What is needed is an exact copy of the data below, pictures excluded.

Source data
╔══

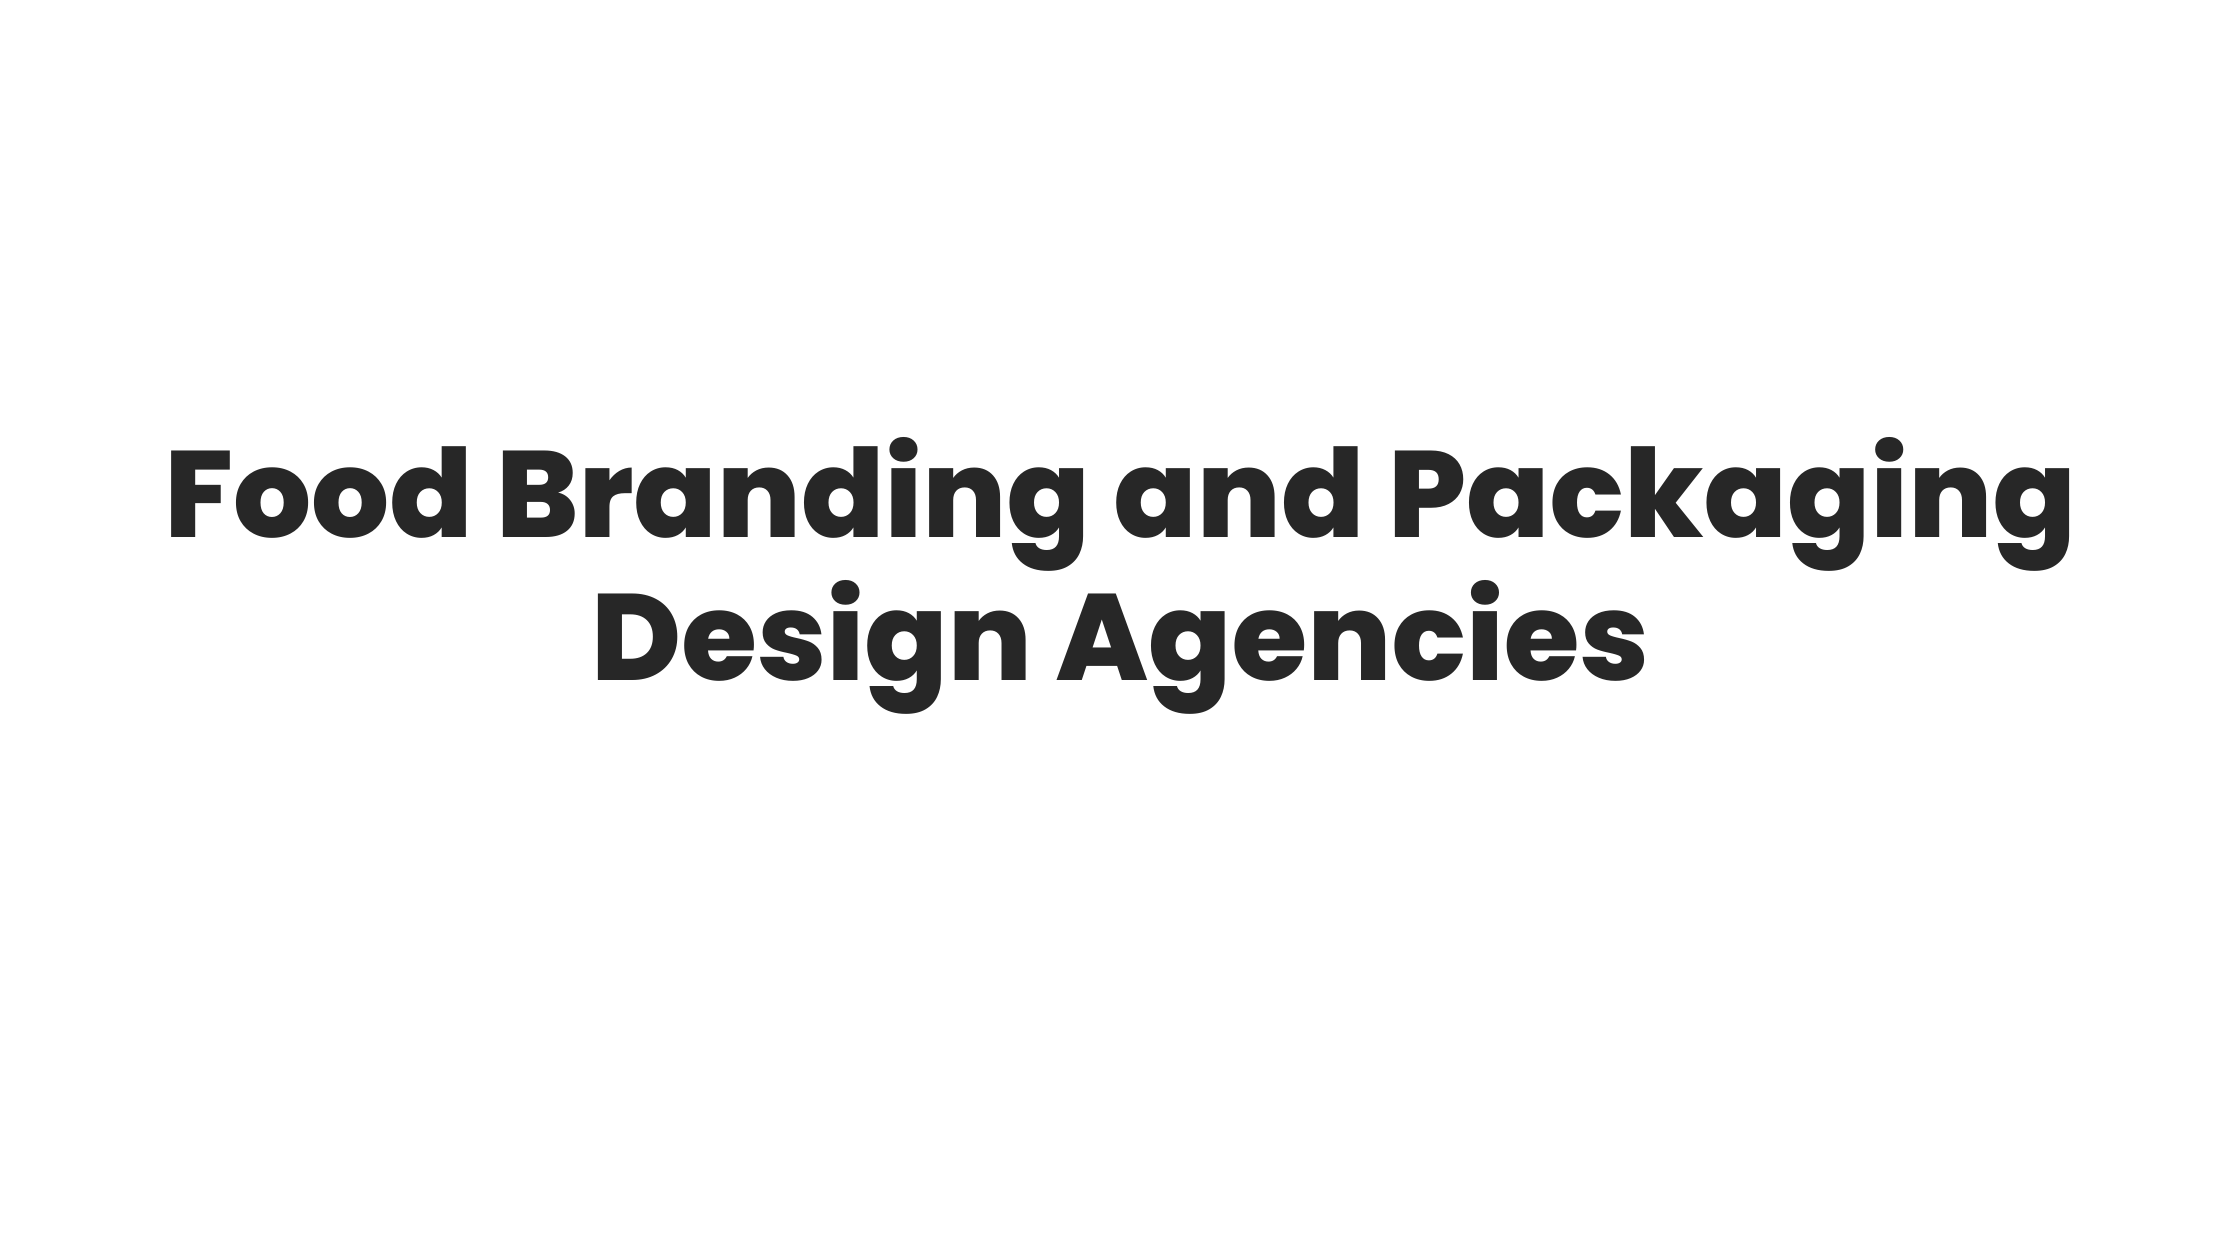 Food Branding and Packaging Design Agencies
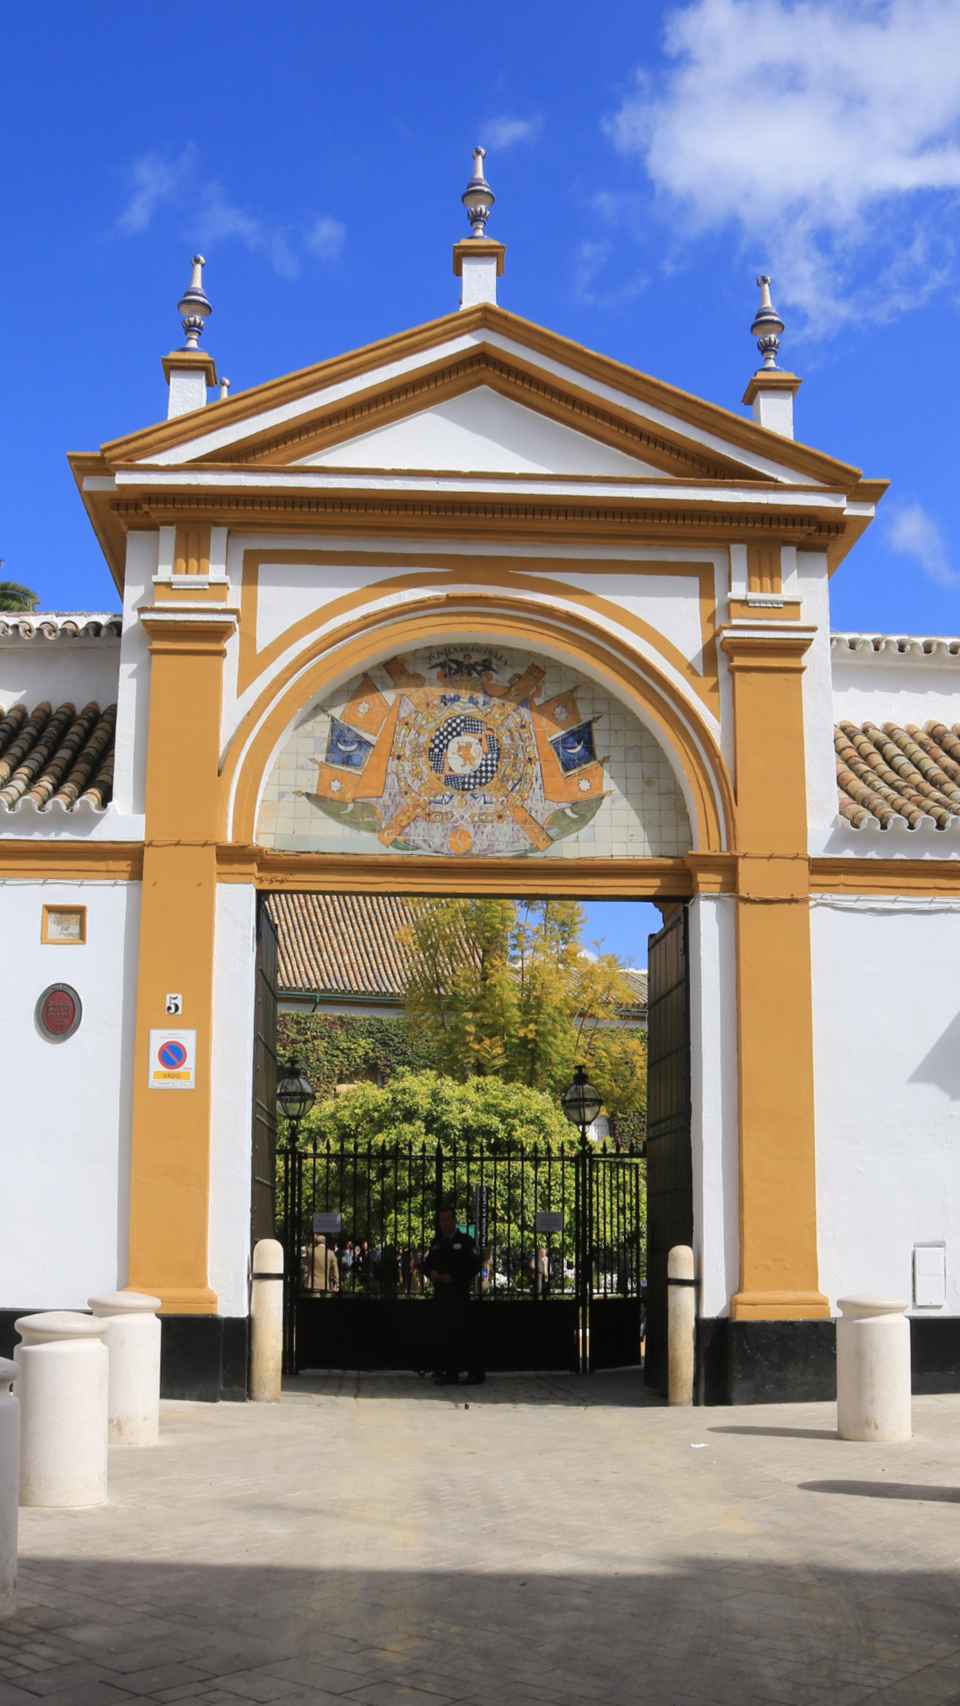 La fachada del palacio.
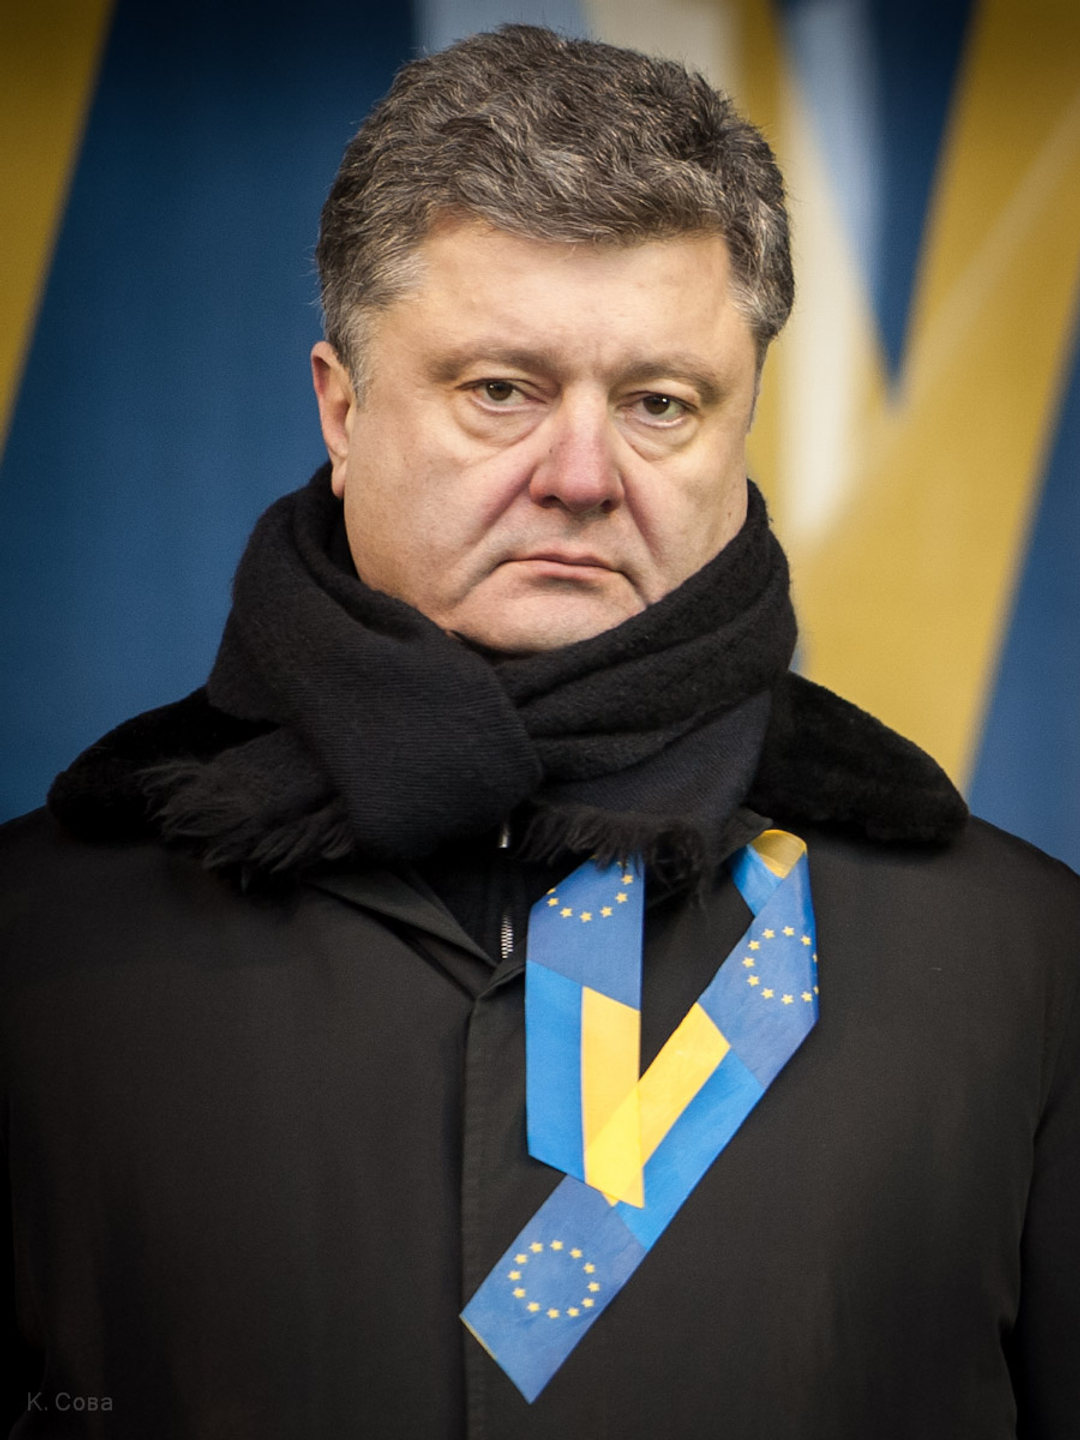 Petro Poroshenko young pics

╚══

Response for this exercise
 Food Branding and Packaging Design Agencies
 La fachada del palacio.
 Petro Poroshenko young pics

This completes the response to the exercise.